Some specific concepts apply mainly during competition

**Checking data**

+ We can remove all features that are either constant in the training set or a duplicate of another column (`df.T.drop_duplicates()`). For categorical features, we'll need to label encode them all by order of appearance.
+ If categorical values only exist in the test set, we need to test if these new values bring any useful information. One possibility is to compare the model performance on a validation set, for values in the training set vs previously unseen values. We might want to use a different model for new values if performance is low for them. 
+ Duplicated rows can either be mistakes or the result of having a key feature ommitted from the dataset. Having identical rows in both train and test sets can help us understand how the data was generated.
+ When plotting rolling mean of values by index, we can check if there are some patterns that will indicate that the data was not properly shuffled.

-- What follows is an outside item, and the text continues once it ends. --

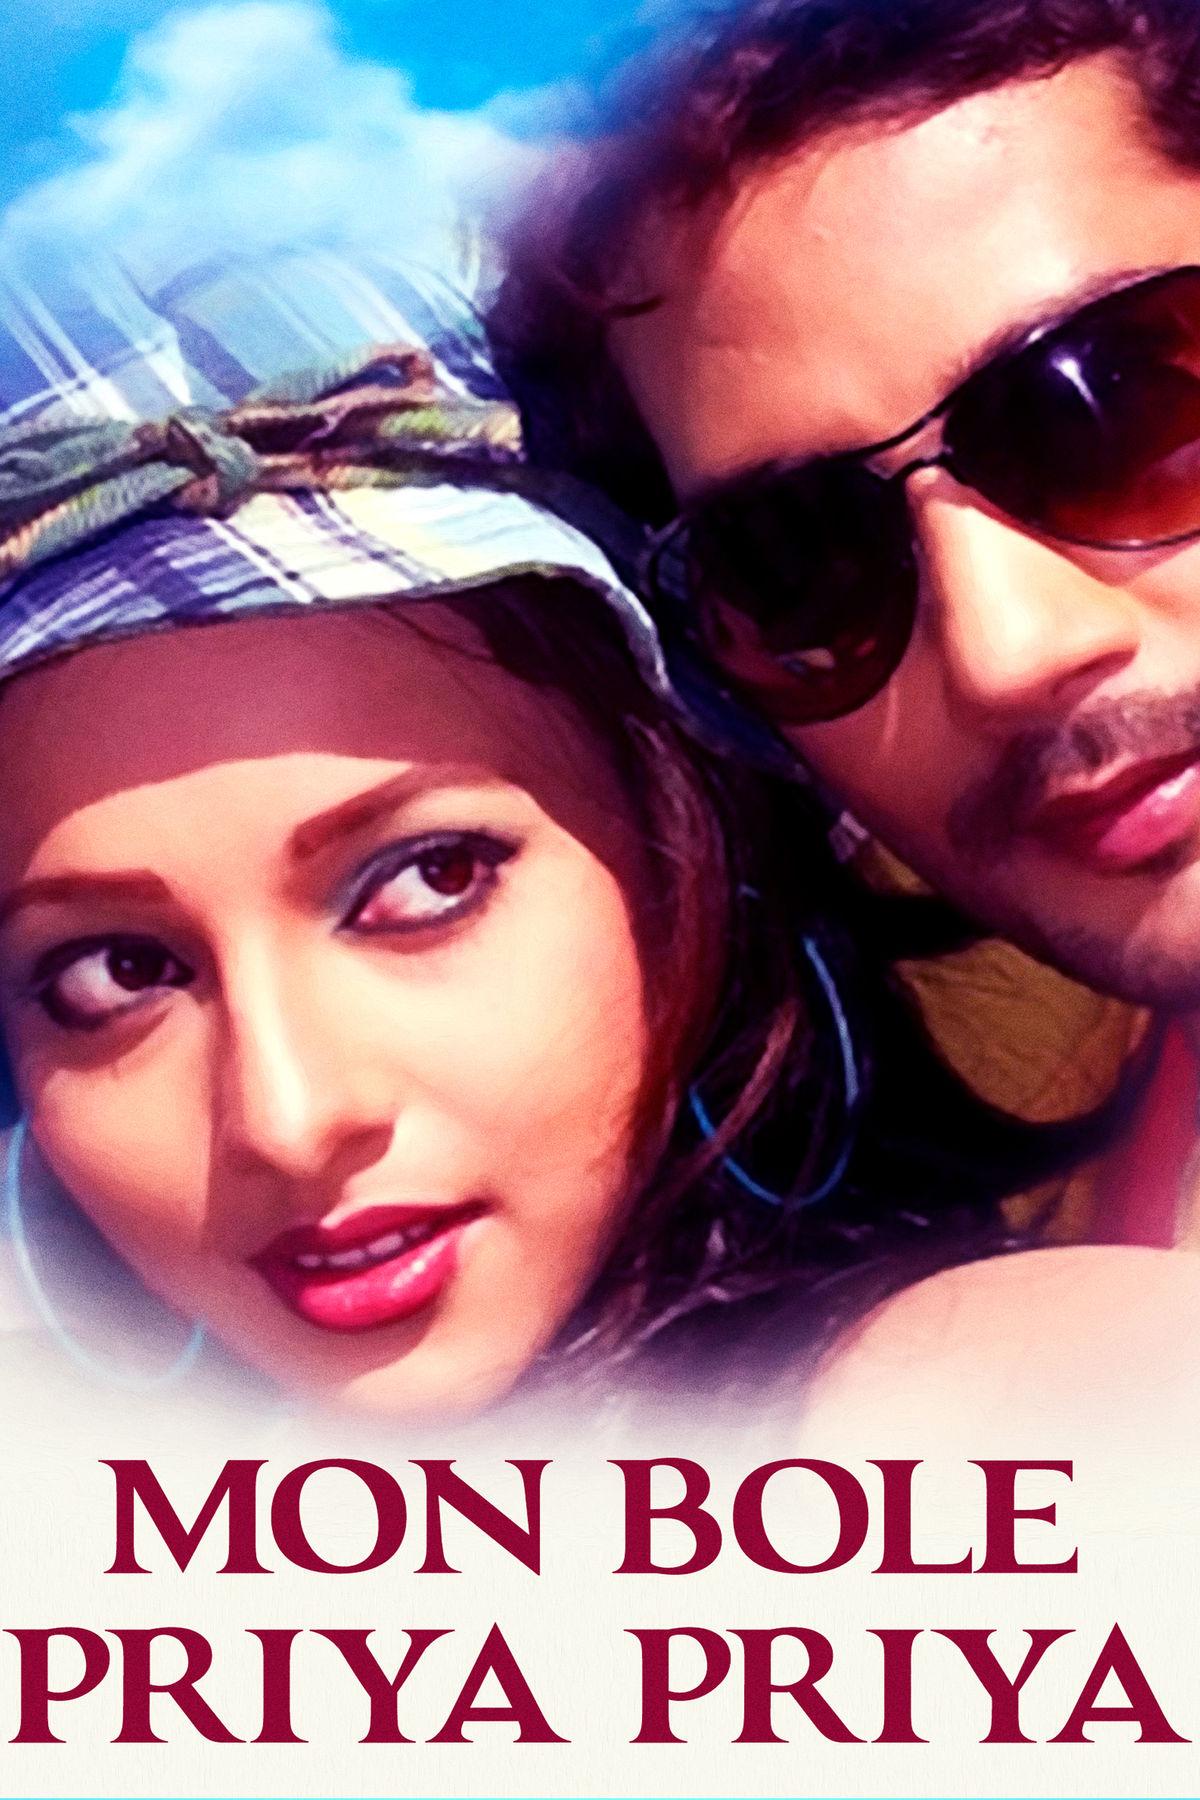 Mon Bole Priya Priya
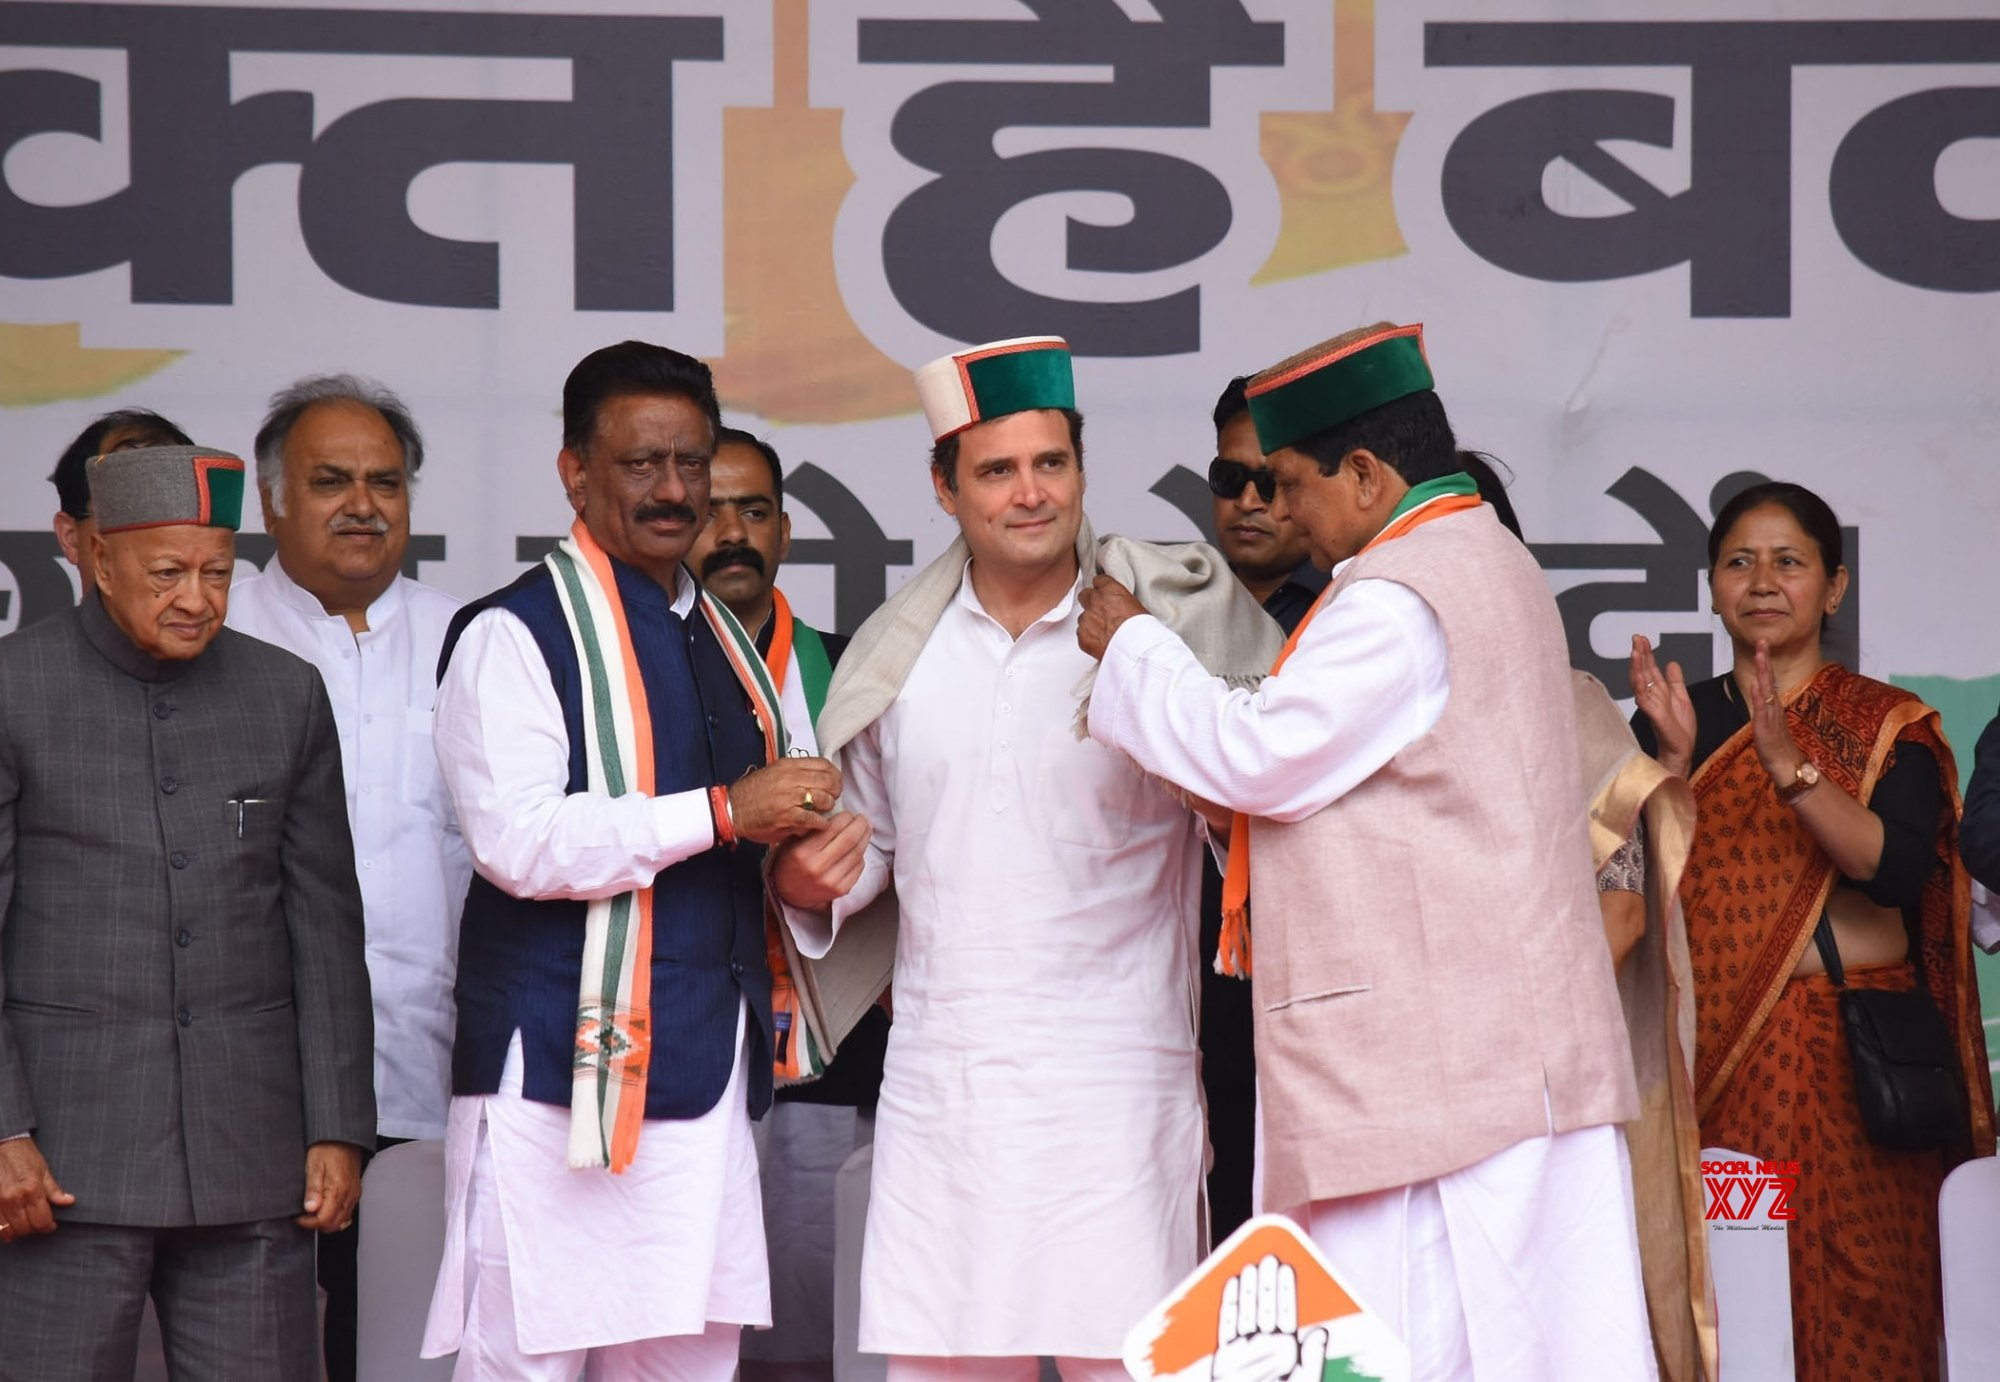 Solan: 2019 Lok Sabha elections - Rahul Gandhi at a public rally in Himachal Pradesh (Batch - 2) #Gallery

**Validation scores vs leaderboard scores**

Sometimes, the validation score is very different from the leaderboard one. It usually comes from using a validation set that is not representative of the test set. If the test set distribution is different from the validation test, doing some learderboard probing to get mean values can help improve the score significantly.

A good practice fro final submissions is to submit one model that performs well in the validation set (to cover cases where test set et validation set have similar distributions) and one that performs well on the public leaderboard (to cover cases where the distribution of the test set if very different from the one of the validation set).
s.

# VIII. Performance Metrics - Regression

Performance metrics are used to assess the quality of an algorithm; you must choose the most appropriate one for the task at hand. Let's take the example of an online shop that tries to maximize the effectiveness of their website. THe company must decide the measure they want to use to quantify effectiveness, which is the measure they will try to optimize. It can be the number of visits, the ratio of visits that led to orders, etc.




## VIII.1. Mean Squared Error, Root Mean Squared Error and R²

$MSE = \frac{1}{N} \sum\limits_{i=1}^N (y_i - \hat y _i)^2$

$RSME = \sqrt{MSE}$

MSE vs RMSE:
+ the RMSE has the same unit as the values to predict, so it's easier to compare.
+ any minimizer of RMSE is a minimizer of RMSE and vice-versa: $MSE(a) > MSE(b) <=> RMSE(a) > RMSE(b)$. This means that optimizing for MSE is the same as optimizing for RMSE.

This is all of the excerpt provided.